They proceeded to the banquet, at which Gwenwyn, for the first time, beheld Eveline Berenger, the sole child of the Norman castellane, the inheritor of his domains and of his supposed wealth, aged only sixteen, and the most beautiful damsel upon the Welsh marches. Many a spear had already been shivered in maintenance of her charms; and the gallant Hugo de Lacy, Constable of Chester, one of the most redoubted warriors of the time, had laid at Eveline's feet the prize which his chivalry had gained in a great tournament held near that ancient town. Gwenwyn considered these triumphs as so many additional recommendations to Eveline; her beauty was incontestable, and she was heiress of the fortress which he so much longed to possess, and which he began now to think might be acquired by means more smooth than those with which he was in the use of working out his will.
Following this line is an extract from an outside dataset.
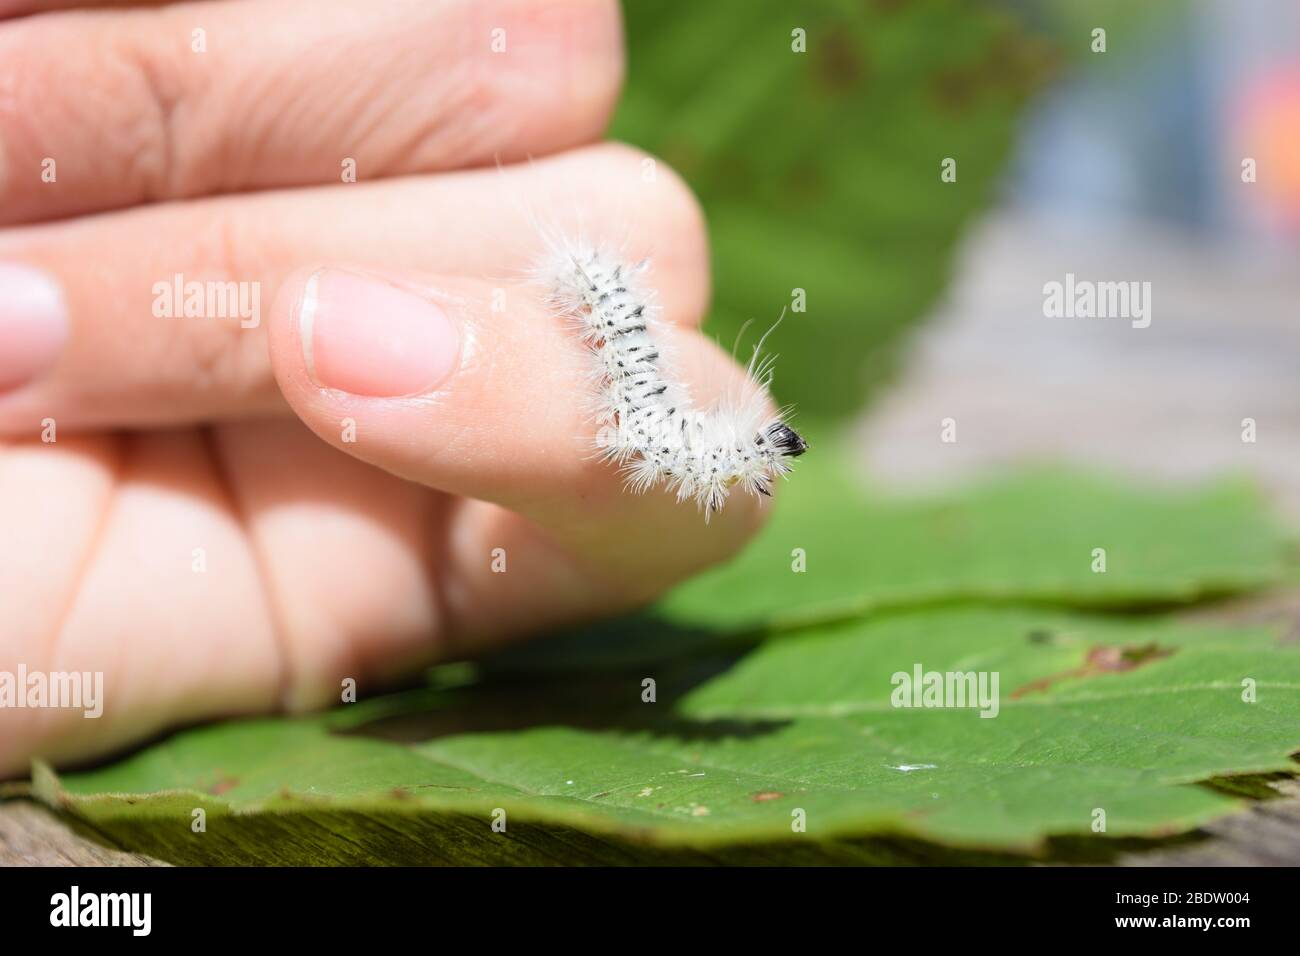 Fuzzy weißen Hickory Zwickel Motte Raupe. Insekt, das allergische Hautreaktionen, Hautausschlag, Juckreiz und Schwellungen verursachen kann. Stockfoto
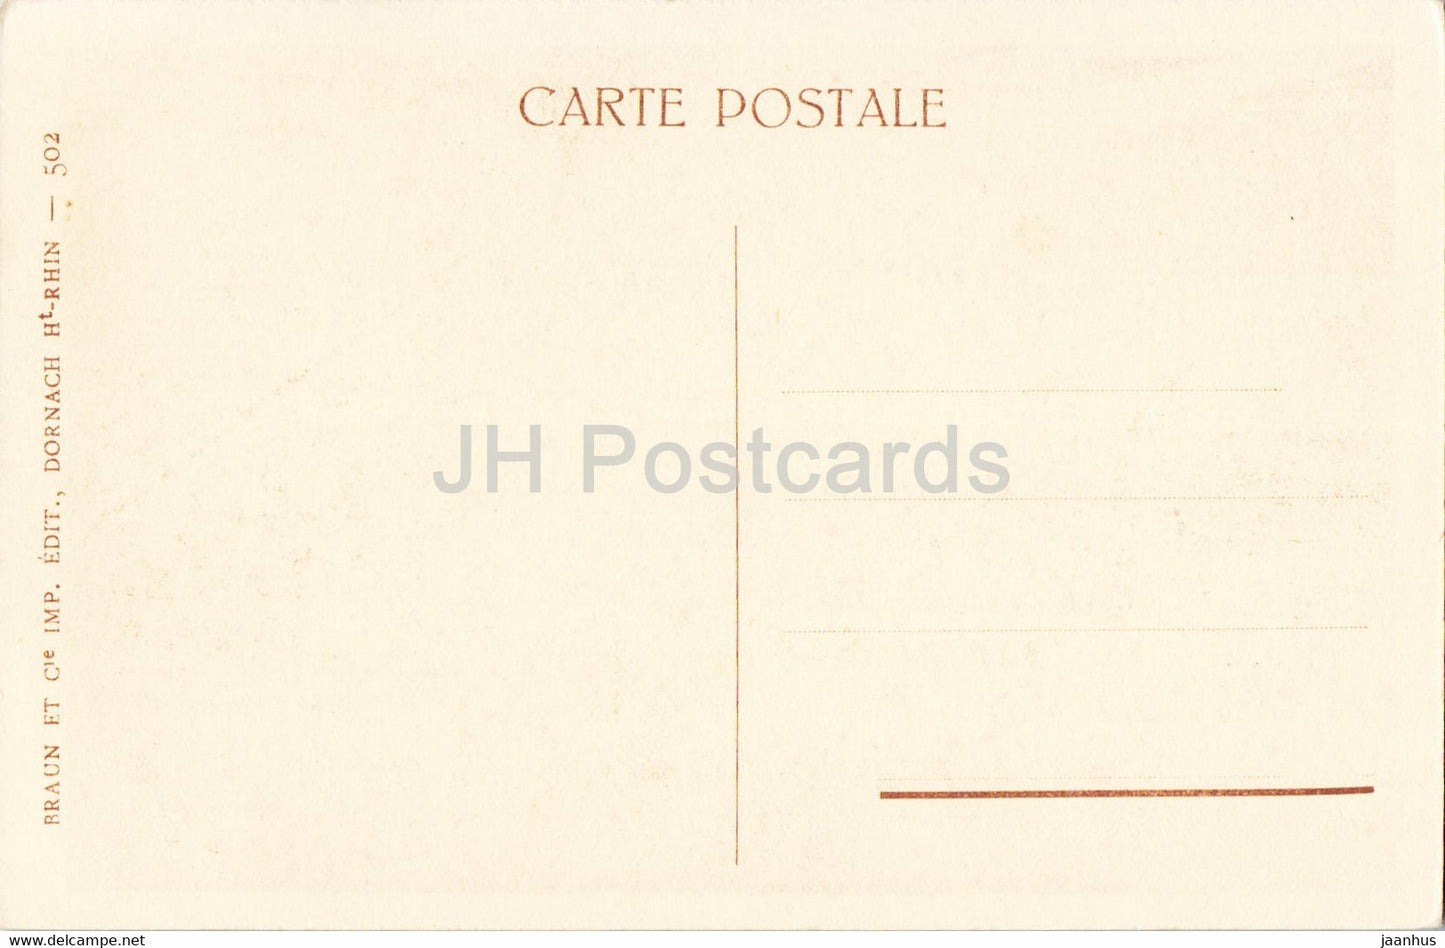 Riquewihr - Le Dolder - carte postale ancienne - France - inutilisée

Again, the hatred which subsisted between the British and their Saxon and Norman invaders; his long and ill-extinguished feud with this very Raymond Berenger; a general recollection that alliances between the Welsh and English had rarely been happy; and a consciousness that the measure which he meditated would be unpopular among his followers, and appear a dereliction of the systematic principles on which he had hitherto acted, restrained him from speaking his wishes to Raymond or his daughter. The idea of the rejection of his suit did not for a moment occur to him; he was convinced he had but to speak his wishes, and that the daughter of a Norman, castellane, whose rank or power were not of the highest order among the nobles of the frontiers, must be delighted and honoured by a proposal for allying his family with that of the sovereign of a hundred mountains.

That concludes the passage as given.